» Task prompt:
Using the records that follow, reproduce exactly the lines starting at the line containing "Lisboa 2020 logo" and ending at the line containing "17号线要来啦!12月大青浦及上海地铁沿线各区房价涨还是跌?". Include both end lines and no pictures.

» Entries provided:
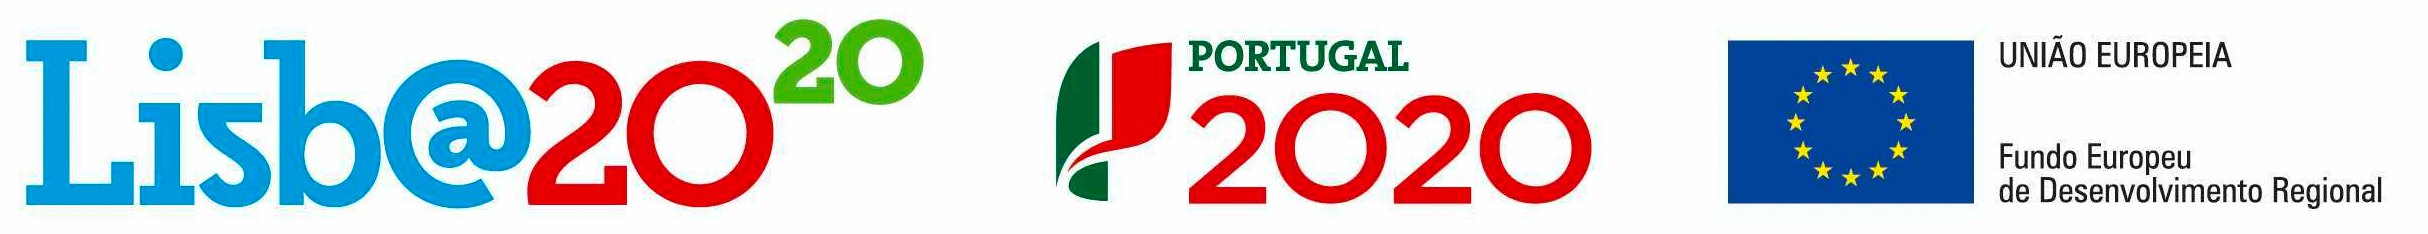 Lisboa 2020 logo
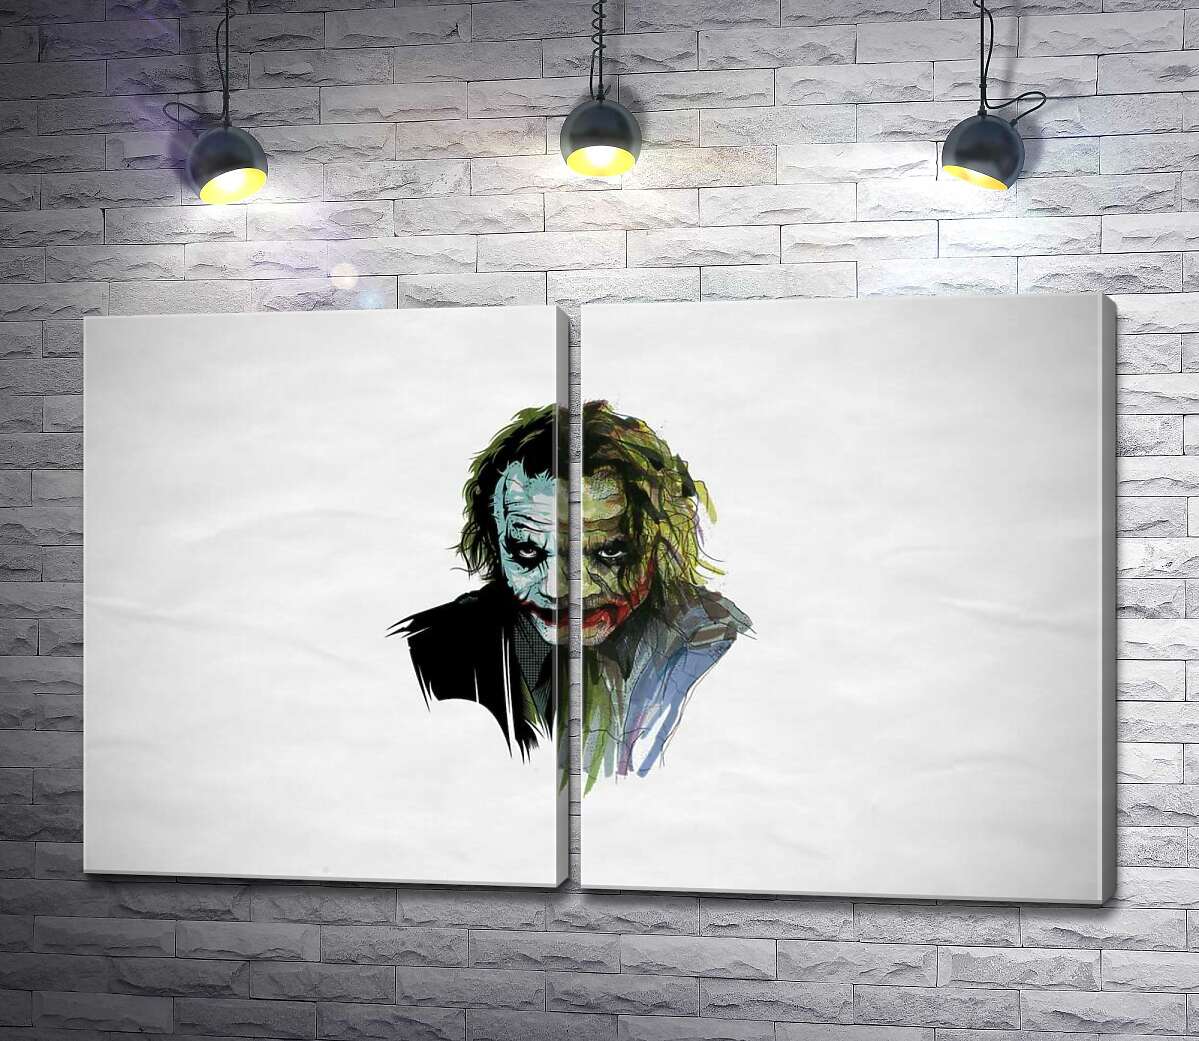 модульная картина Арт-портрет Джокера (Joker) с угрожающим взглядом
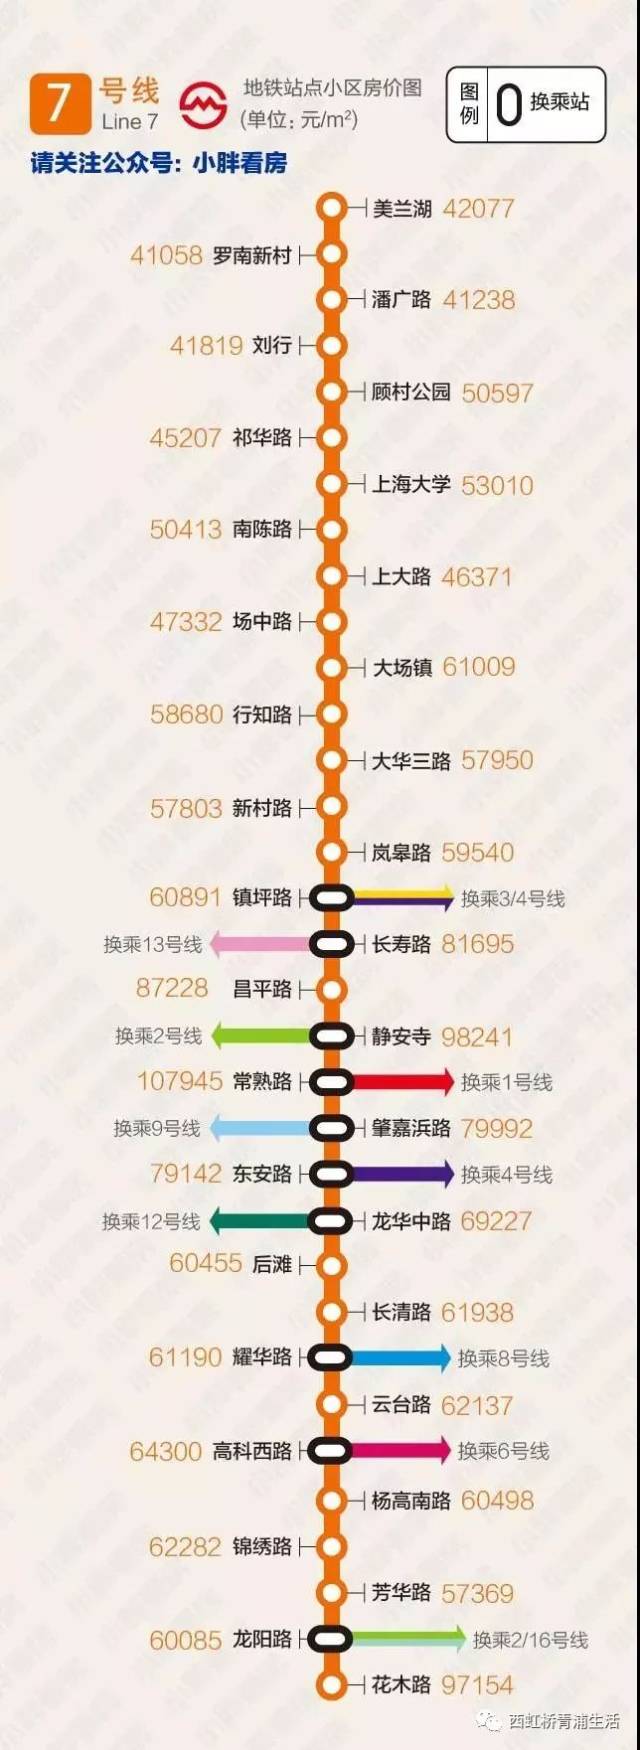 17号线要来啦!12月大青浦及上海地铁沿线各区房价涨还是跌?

* * *

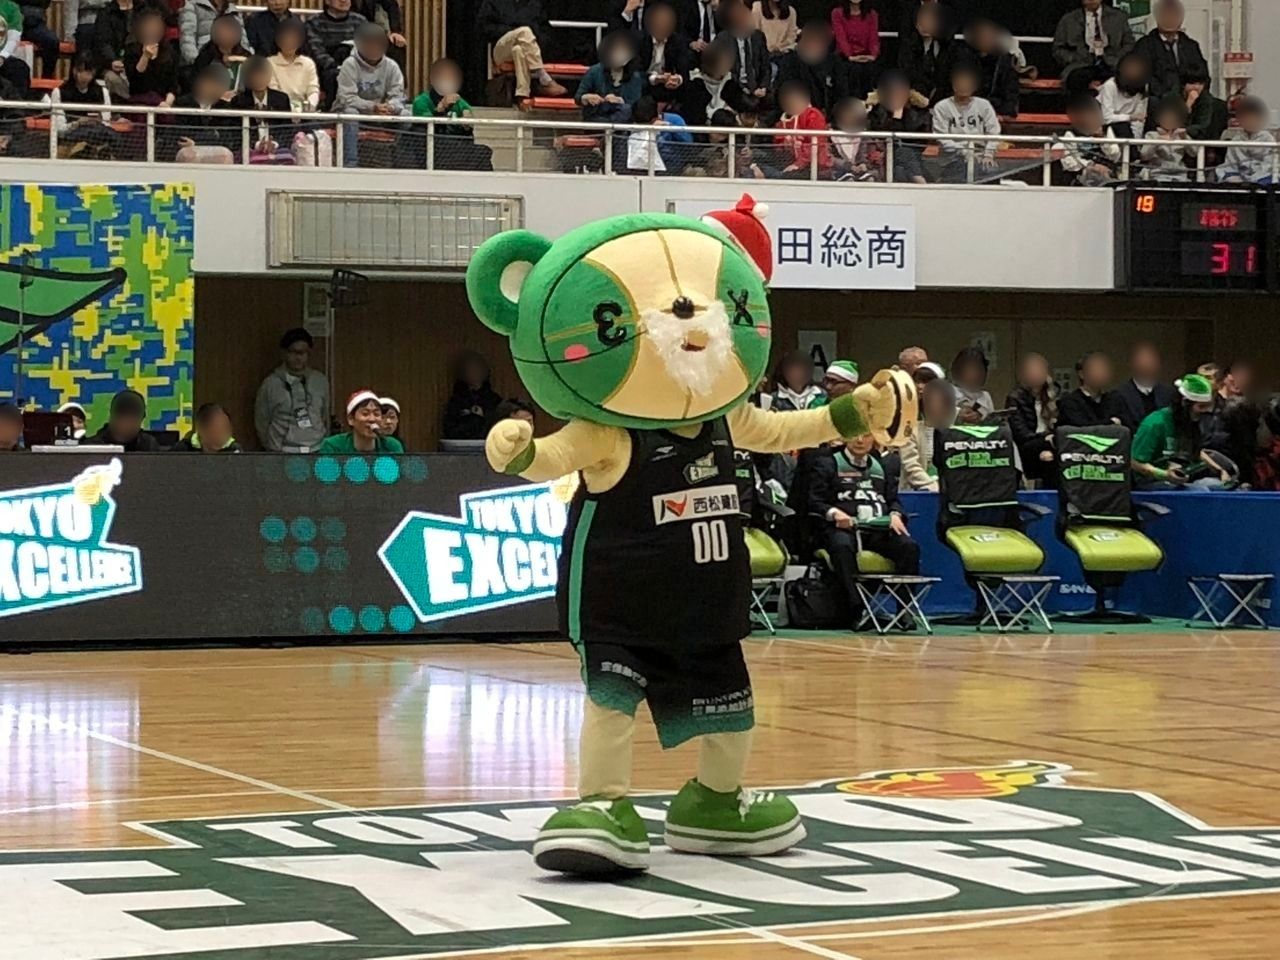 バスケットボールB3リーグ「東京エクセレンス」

» Response box:
 Lisboa 2020 logo
 модульная картина Арт-портрет Джокера (Joker) с угрожающим взглядом
 17号线要来啦!12月大青浦及上海地铁沿线各区房价涨还是跌?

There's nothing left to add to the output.